IN ITS 16-YEAR HISTORY, the Committee on Rights and Responsibilities (CRR) has been the subject of much controversy. Since it was formed to discipline students involved in the April 1969 University Hall takeover, it has convene 13 times. From 1971 until it last heard a case in 1975, however, no students have sat on the committee.
Although administrators have invited students annually to participate as voting members of the six-student, six-faculty, member committee, the House committees have continually refused to nominate delegates.
Now, when the University is considering taking disciplinary action against students involved in two recent anti-apartheid protests, the CRR's re-assemblance is no less controversial.
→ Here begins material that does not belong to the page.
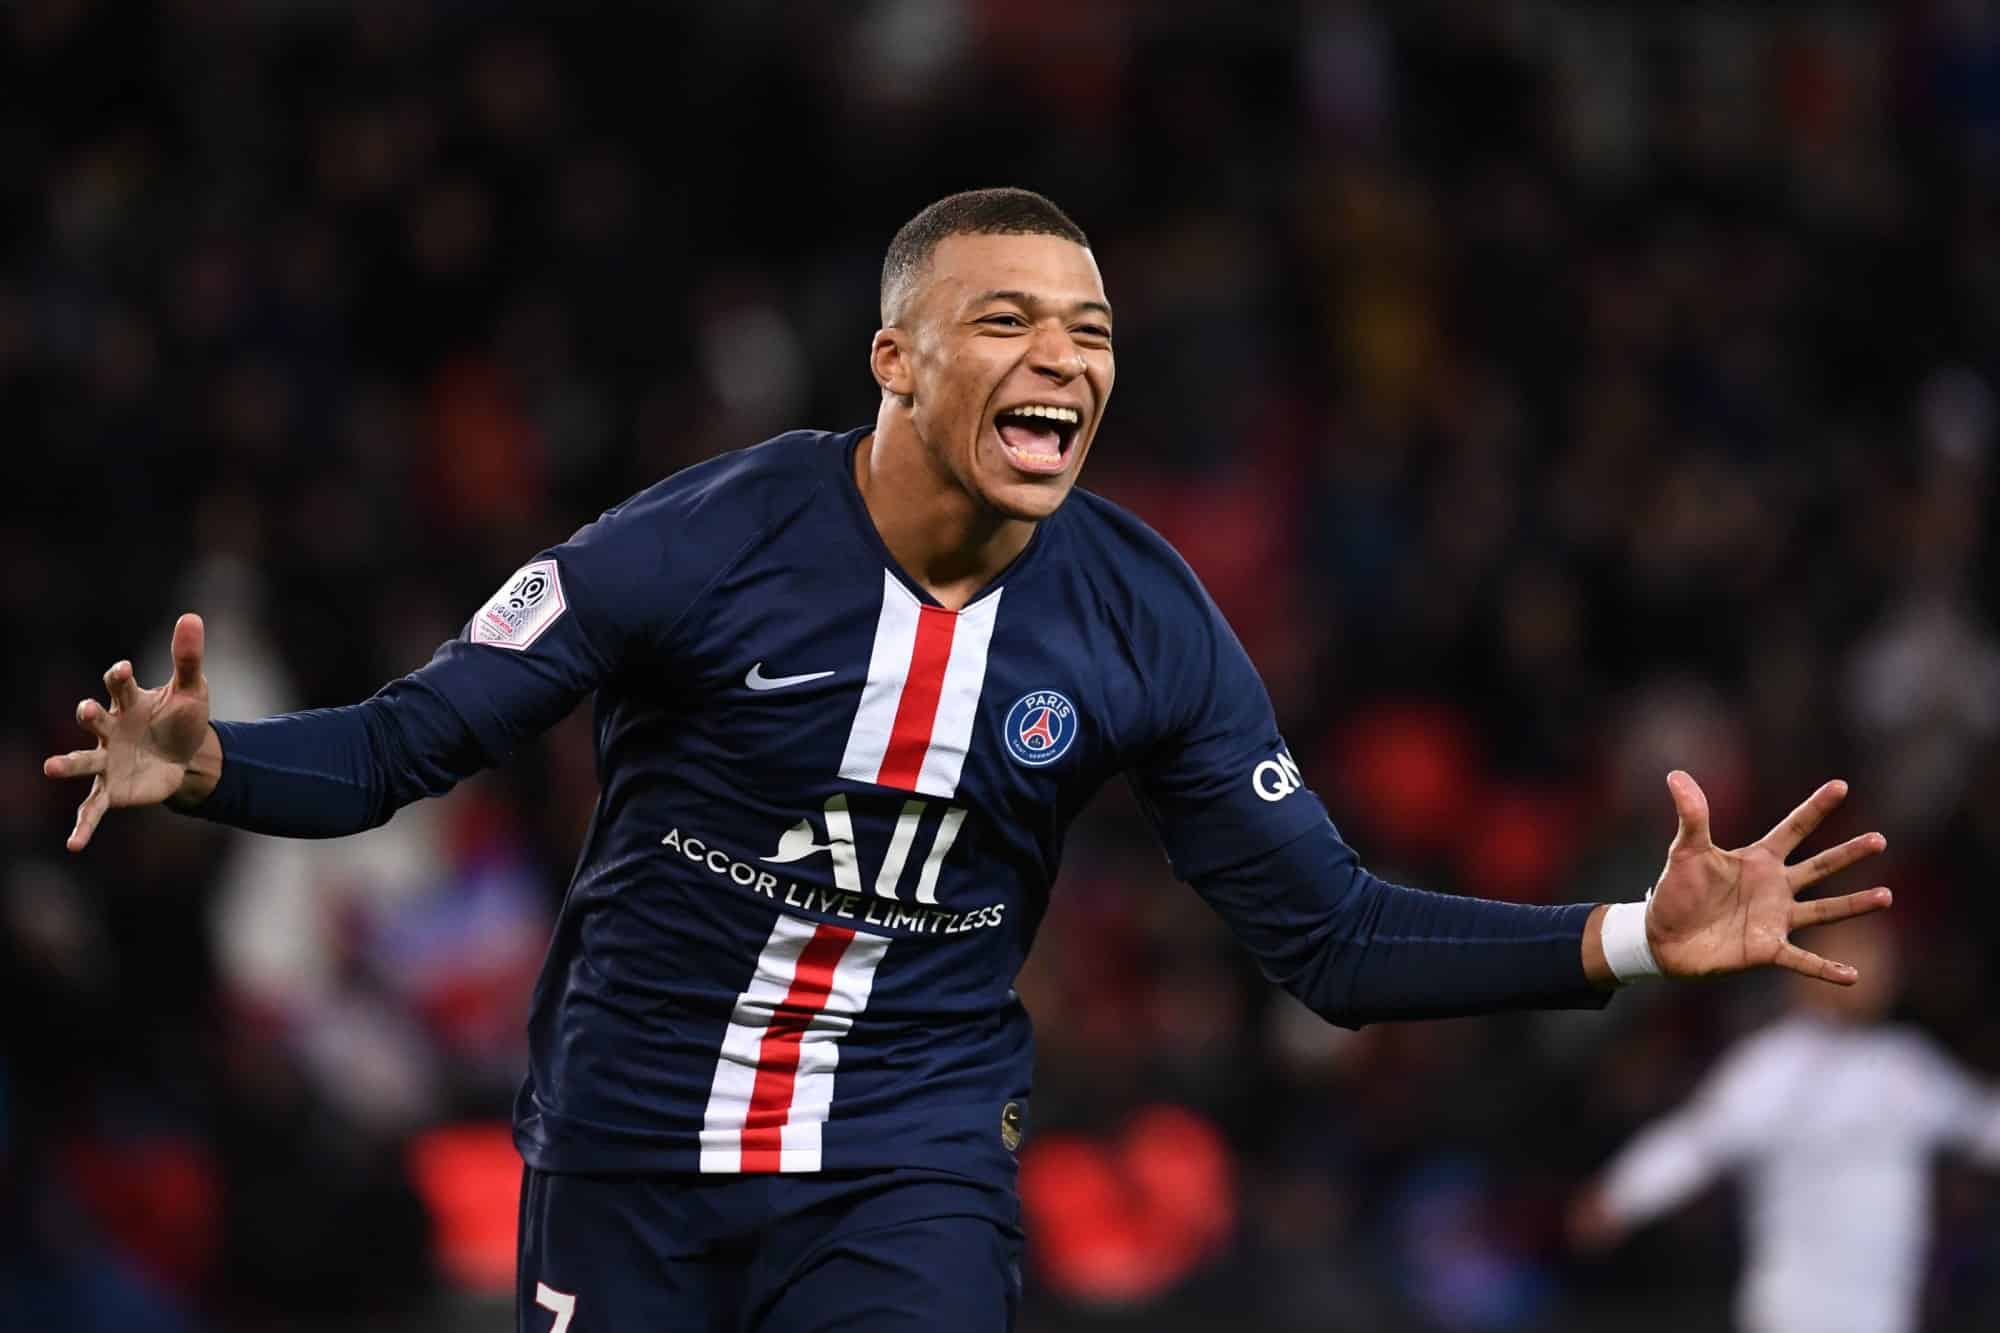 Kylian Mbappe misses living simply, with less attention

The University, for its part, has demonstrated a lack of concern for student participation by of the committee so soon after the two recent incidents, leaving students almost no time to reach a consensus on continuing the boycott. Yet such refusal by students to join would be unwise, unpragmatic, and pointless.
This is not to say, however, that the CRR should be condoned. Students have raised serious and legitimate objections to the committee and its proceedings included in these objections are:
*that it denies students the right to appeal their cases:
*that it is unclear whether the guidelines of the CRR permit the sue of hearsay evidence--as well as what constitutes hearsay evidence--in student prosecutions:
*and that student delegates are elected randomly through House committees, which since the Undergraduate Council's formation in 1982, have been relegated to the role of planning House parties and T-shirt designs.
Nonetheless, reforms of these problems can only be achieved if students join the committee. In 1978, members of the freshman class temporarily lifted the boycott in order to push for reforms in the CRR. These students made some gains--including public transcripts and an equal student-Faculty balance on the committee. It is time for the classes of '86-'88 to pick up where the class of '81 left off.
ONLY BY SITTING on the committee may students gain acceptance for reforms in parts of the CRR they find questionable. Furthermore, the anti-apartheid movement concerns a large portion of the student body, and it is imperative that students have a say in what comes of the Lowell House blockade and the 17 Quincy St. sit-in.
The presence of students on the CRR has arguably been instrumental in guaranteeing a fairer trial. "A lot more than three students would have been dismissed if it weren't for the students who sat on the committee," said John P. Fernandez '69, a student delegate who sat on the CRR that tried the 138 students involved in the April, 1969 occupation of University Hall.
Most importantly, it should be noted that a student boycott of the CRR will achieve nothing, thus far it has only led Harvard to grant the CRR full power to function without students sitting on the committee. In the 13 times that the Faculty Council has called upon the CRR since 1969, the Council has never rescined its decision to convene it in the year would effectively disband the committee is nothing but romantic idealism. It is time for students to stop washing their morality laden hands of the CRR.
Students have termed the committee "illegitimate." But it is only following orders to uphold a piece of University legislation known as the Resolution on Rights and Responsibilities (RRR). Much of the problem with the CRR stems from the fact that the RRR is vague enough to allow students to be prosecuted for their political beliefs CRR opponents wrongly claim that the committee's preconceived purpose is to stifle political dissent. This is factually incorrect in two respects.
First, the CRR exists for just the opposite reason--to enforce the rights to free speech and movement at the University, which those involved in the Lowell House blockade clearly did not allow South African diplomat Abe Hopenstein. In addition, the committee was created as a special body to hear more complicated cases in which political dissent may constitute a reasonable extenuating circumstance to pardon conduct that the Administrative Board--the College's traditional disciplinary body--normally would punish.
The Ad Board--like the CRR--has authority to uphold the RRR and to levy the same range of punishments against students. But the Ad Board, unlike the CRR, takes these measures without student input, does not allow students (except on an appeal) to appear in person before it to defend their actions, and does not have the same ability to handle mass offenses.
House Committee chairmen voted on Friday to ask the Faculty to postpone the convening of the CRR until the fall, when they will be able to consider more carefully the issues surrounding the legitimacy of the committee and when they have time to carry out proper elections of students delegate to the CRR. We support this request. We recommend that the CRR postpone its meeting until next fall, when it can convene as a student-Faculty committee, not a Faculty monolith.